UKHospitality's report reveals that the financial impact will extend across various types of employment. For example, a single parent working a reduced schedule of 9 am to 3 pm, five days a week, will cost employers an additional £2,100 per year. Even part-time roles are affected; a student working 14 hours over the weekend will incur £1,140 more in employer expenses. These figures underscore the widespread impact on the industry, affecting full-time and part-time employees.

Kate Nicholls, chief executive of UKHospitality, expressed her concern, describing the rise in employment costs as "eye-watering" and far beyond worst-case expectations. She warned that these increases are unsustainable for many businesses and may force employers to rethink their staffing strategies. "The overwhelming feedback from the sector is that this is just not sustainable and will ultimately do real harm to our ability to support employment," Nicholls noted.

The response from the sector reflects a growing concern that businesses may need to take drastic measures to manage these rising expenses. Nicholls cautioned that hospitality venues might have to halt recruitment efforts, reduce working hours, and, in severe cases, consider redundancies. Such decisions could fundamentally alter staffing levels across the industry, affecting service delivery and growth potential.

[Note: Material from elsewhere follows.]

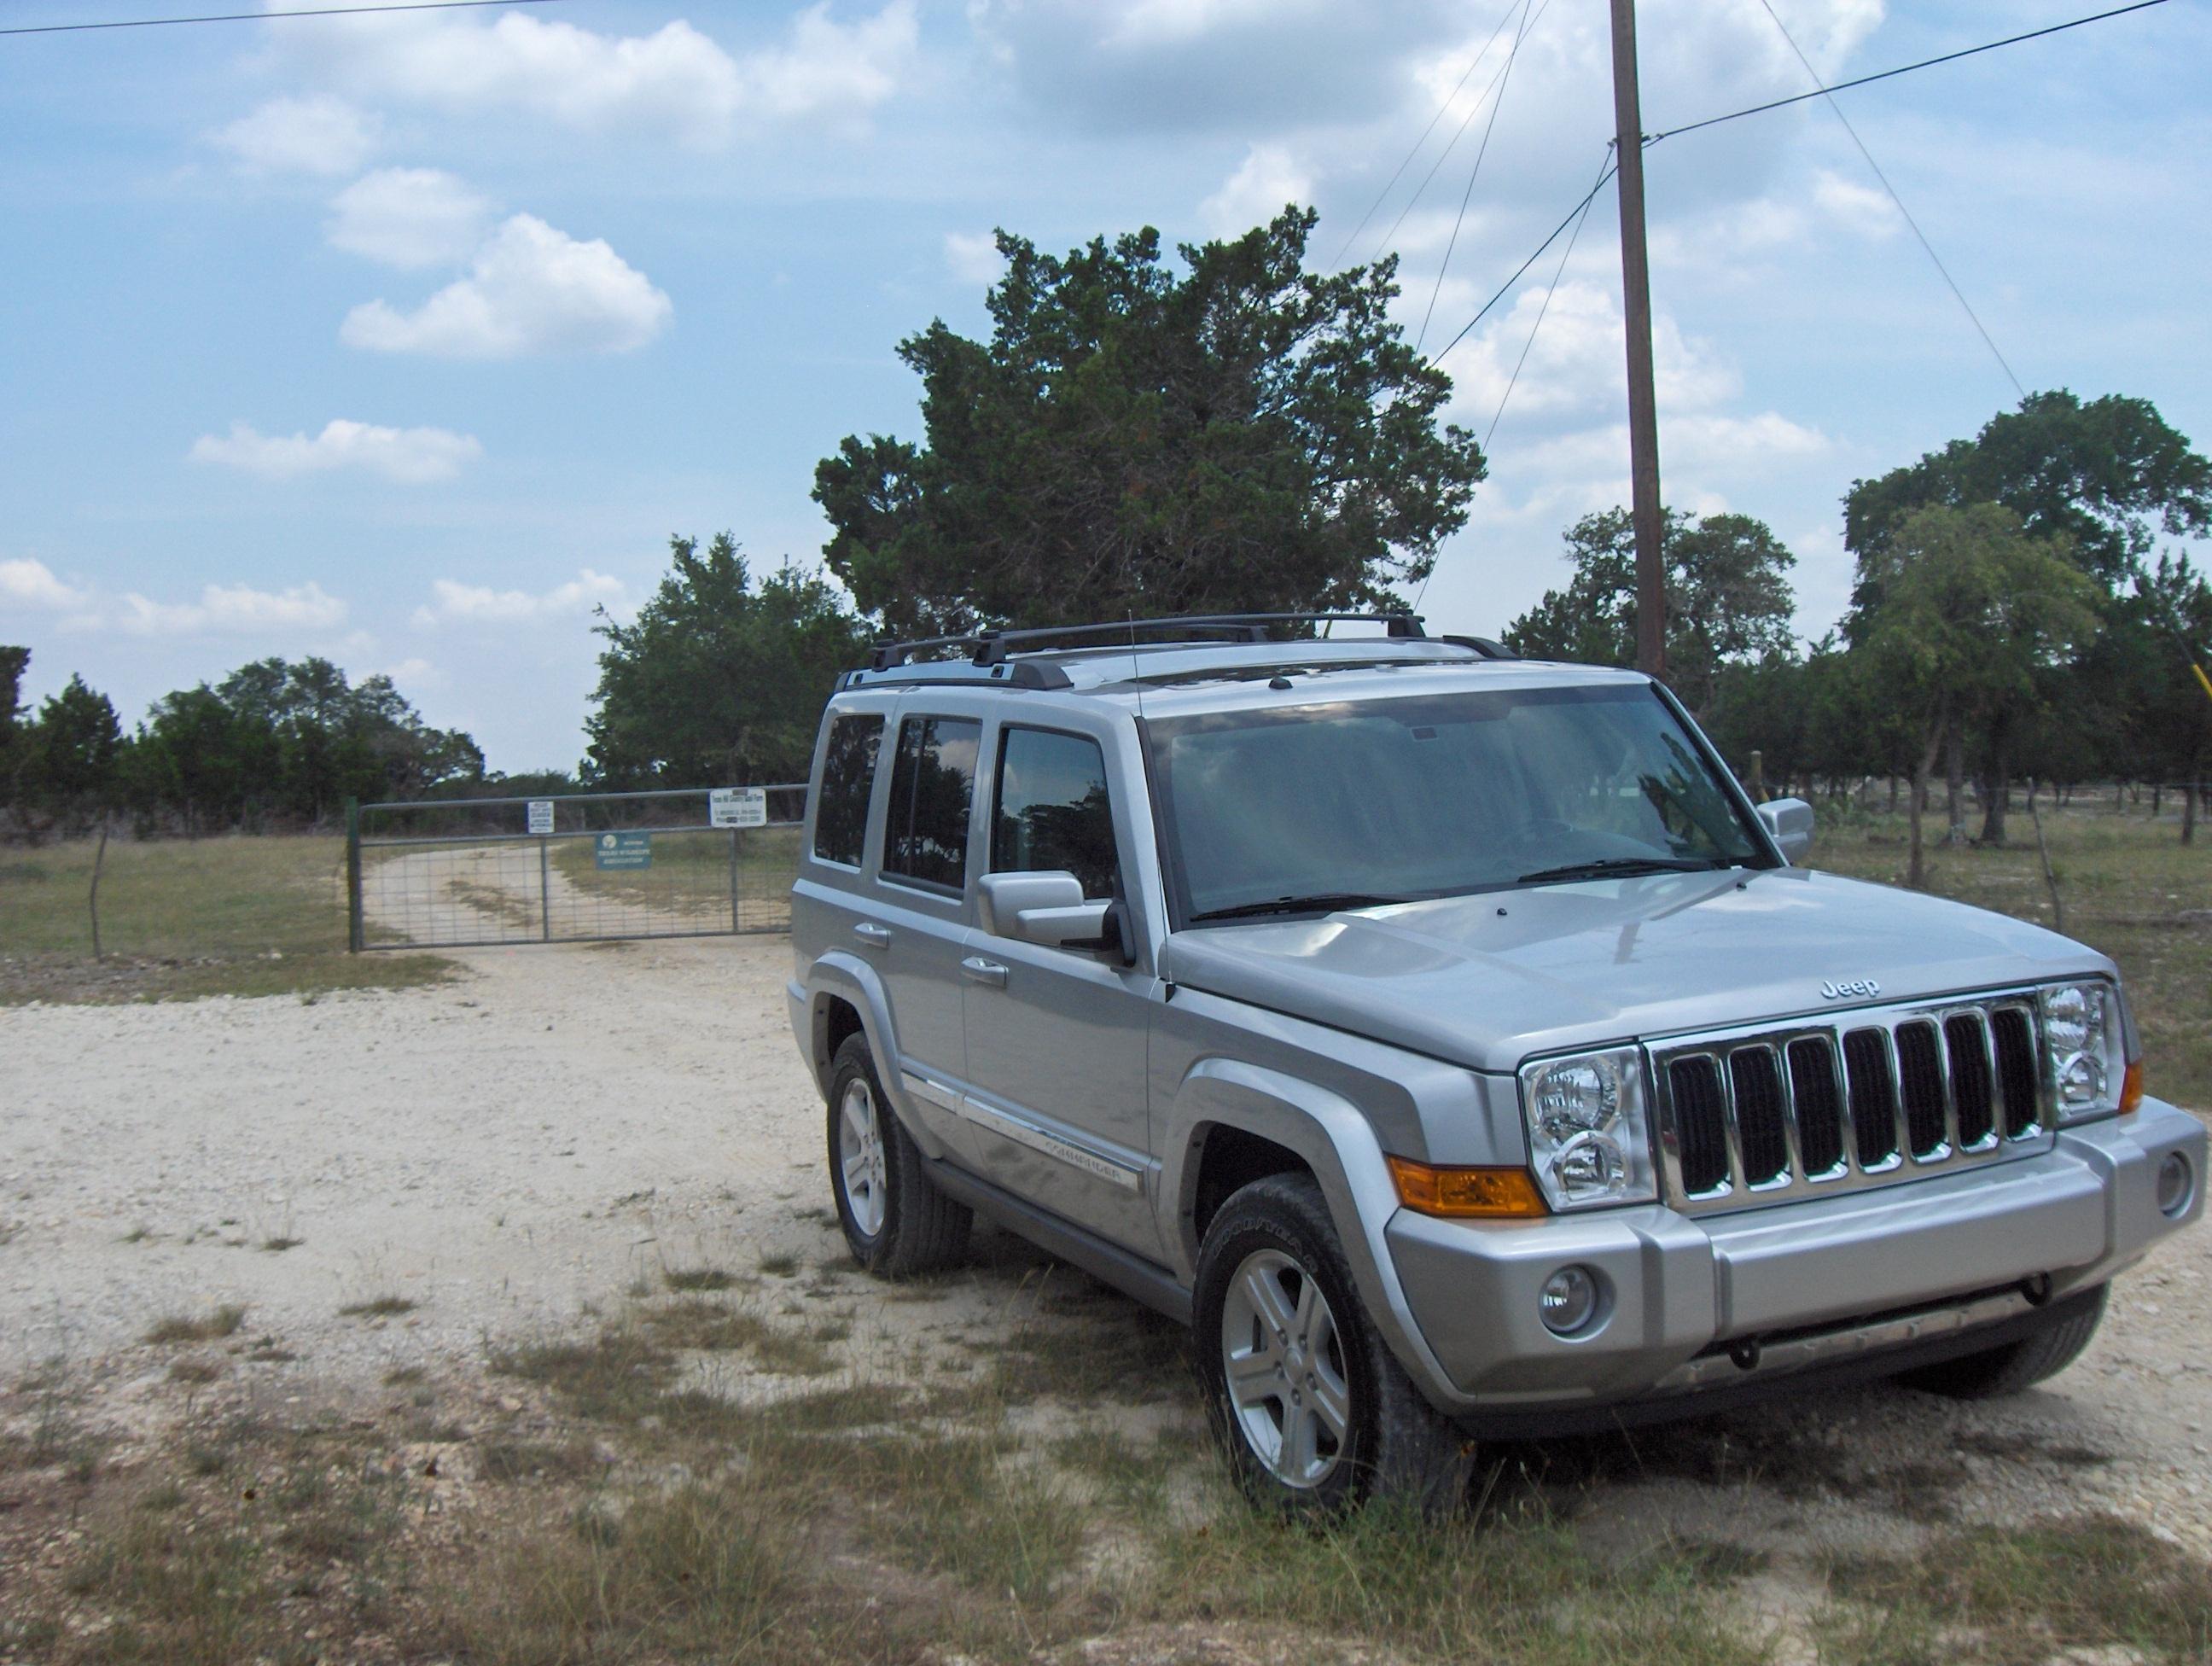 2009 jeep commander 4x4 limited review autosavant. Black Bedroom Furniture Sets. Home Design Ideas

While acknowledging the government's fiscal challenges, Nicholls highlighted the potential long-term consequences of placing a disproportionate financial burden on high-street businesses. "Balancing the books disproportionately at the expense of high street businesses will ultimately have negative consequences for growth, investment, employment, and our communities," she remarked. This warning serves as a reminder of the interconnectedness of economic policy and local business sustainability.

With the new employment costs set to affect a vast array of businesses within the hospitality sector, the industry faces a critical juncture. The increase in expenses may force many operators to make difficult decisions, ultimately influencing countless workers' availability of jobs, hours, and wages.